Not grammatical because it's a kind of klesi that has nothing to do
with sex; connecting the others to grammatical gender is a very
eurocentric thing. Most IE languages have masculine/feminine or
masculine/feminine/neuter. Dyirbal has masculine, feminine, vegetable,
and neuter, a system not entirely atypical for indigenous Australian
languages; calling "vegetable" a gender in the way that "male" and
"female" are is odd. Furthermore, neuter nouns in all of these
languages do not lack grammatical gender, though being neuter in
social gender means "none of the above." And that's not even getting
into languages like Dutch, which has two genders, neither of them
usefully describable as masculine or feminine. (They're common and
neuter, with the latter so called because it's derived from the
proto-Germanic neuter gender while common originates from a merger of
masculine and feminine. The result of this is that, synchronically,
there are two genders, neither of which has any clear-cut semantic
domain such that they can be described as relating in any way to
anything like social genders at all except for the fact that a
significant majority of things that have a social gender are common
regardless of what social gender that may be.)
- mi'e .kreig.daniyl.
On Mon, 2011-11-07 at 11:59 -0600, vitci'i wrote:
> One gismu for all of them, with a place to specify which one you're
> talking about.
>
> On 11/07/2011 11:35 AM, John E Clifford wrote:
> > Which "gender" should have a gismu? grammatical, phenotypic, social, cultural,
> > intentional, genetic, ...
> > 2011/11/7 John E Clifford <kali9...@yahoo.com>
> >
> > Gloryoski! Why should Lojban be able to sort out things that the experts in the
> > field can't yet get straight? Grammatical gender is defined by concordance and
> > has, in a few languages, some more than casual relation to some physical
> > features of the referents. Other languages have derivational devices (other
> > than concordance) to signal (somewhat more regularly) such physical features
> > (along with others, e.g., size, age). Still others basically don't notice. As
> > for the features involved, the range is enormous. And when you throw in genetic
> > data or cultural norms or internal intentions, you pass well beyond what
> > languages manage to deal with comfortably (or even uncomfortably).
Here, however, I think that using "cinse" is malglico; derive
the words from "klesi" instead.
Giving it a gismu place is highly unlikely to encourage people to
specify it - the "by criterion/standard x3" and the like places see
fairly little use.
- mi'e .kreig.daniyl.
Nevertheless, it makes the omission explicit.

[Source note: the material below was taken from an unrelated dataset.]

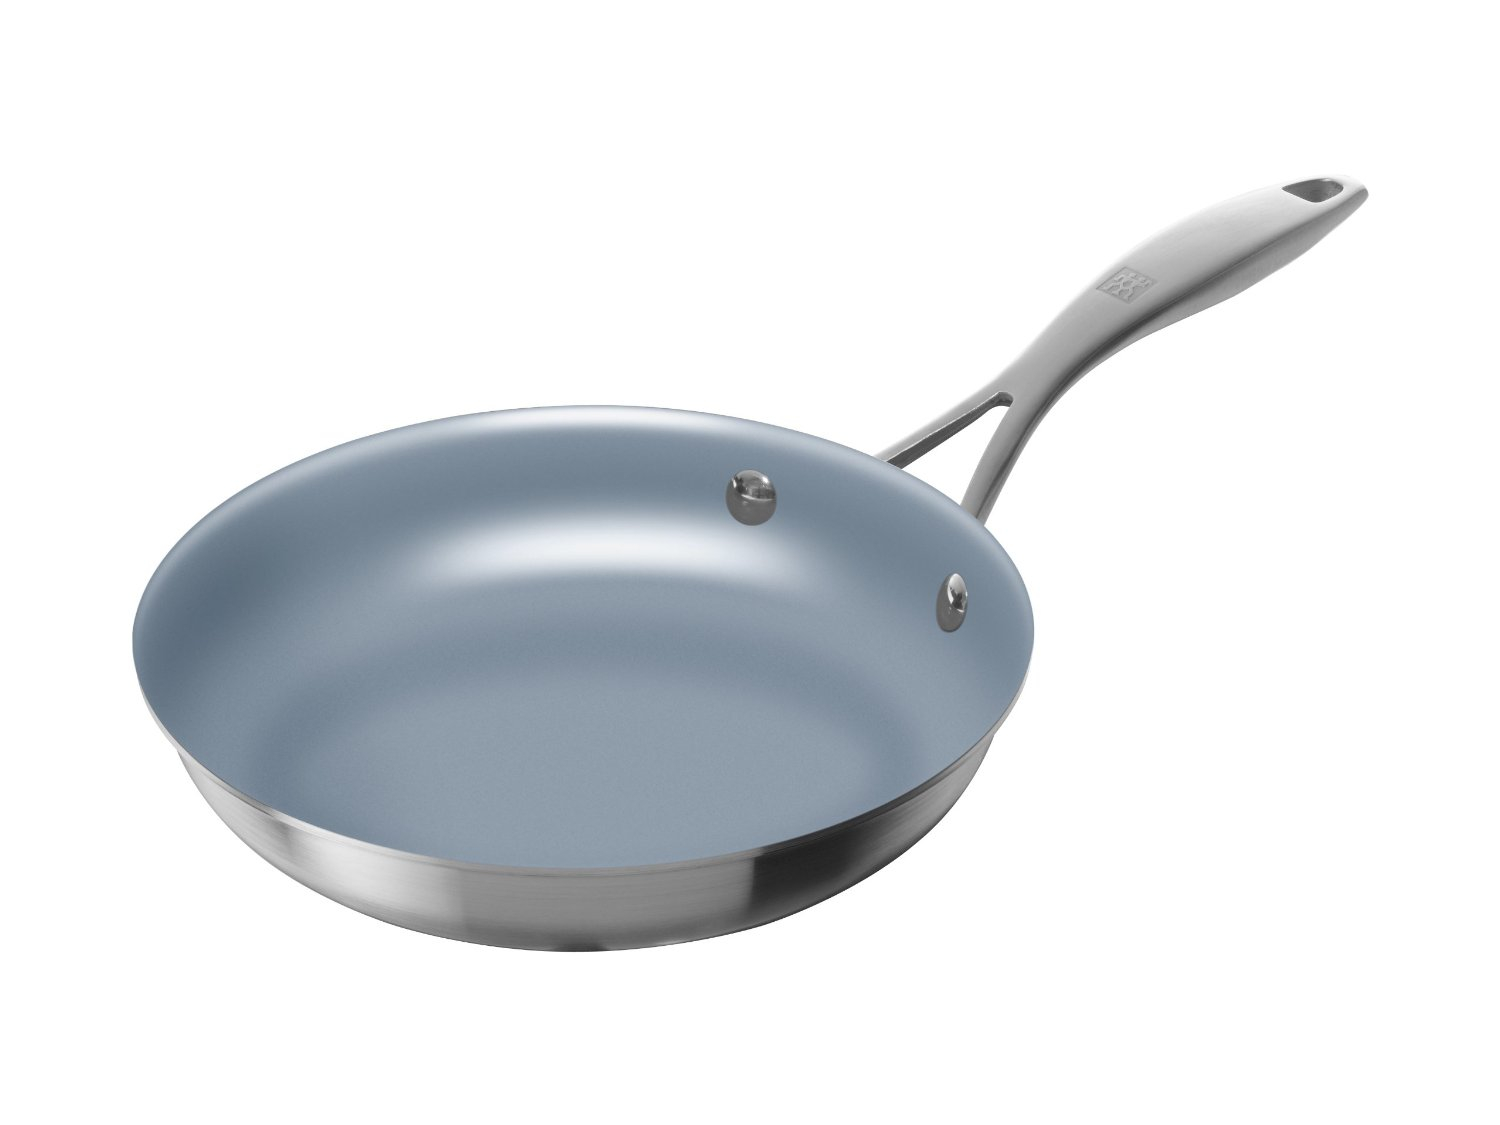 Zwilling pans

No more so than saying "ta mlatu" makes the choice to not specify what
sort of cat explicit.
- mi'e .kreig.
Suppose we omit the place, and rely on tanru. How would you ask "what
kind of gender?"?
Sent from my iPad
But sociologically assigned gender, biological sex at birth, biological
sex constructed by surgery, personal identification, etc. *are*
entangled -- not identical, but not easily separable either, and if
nothing else then at least moderately-strongly correlated.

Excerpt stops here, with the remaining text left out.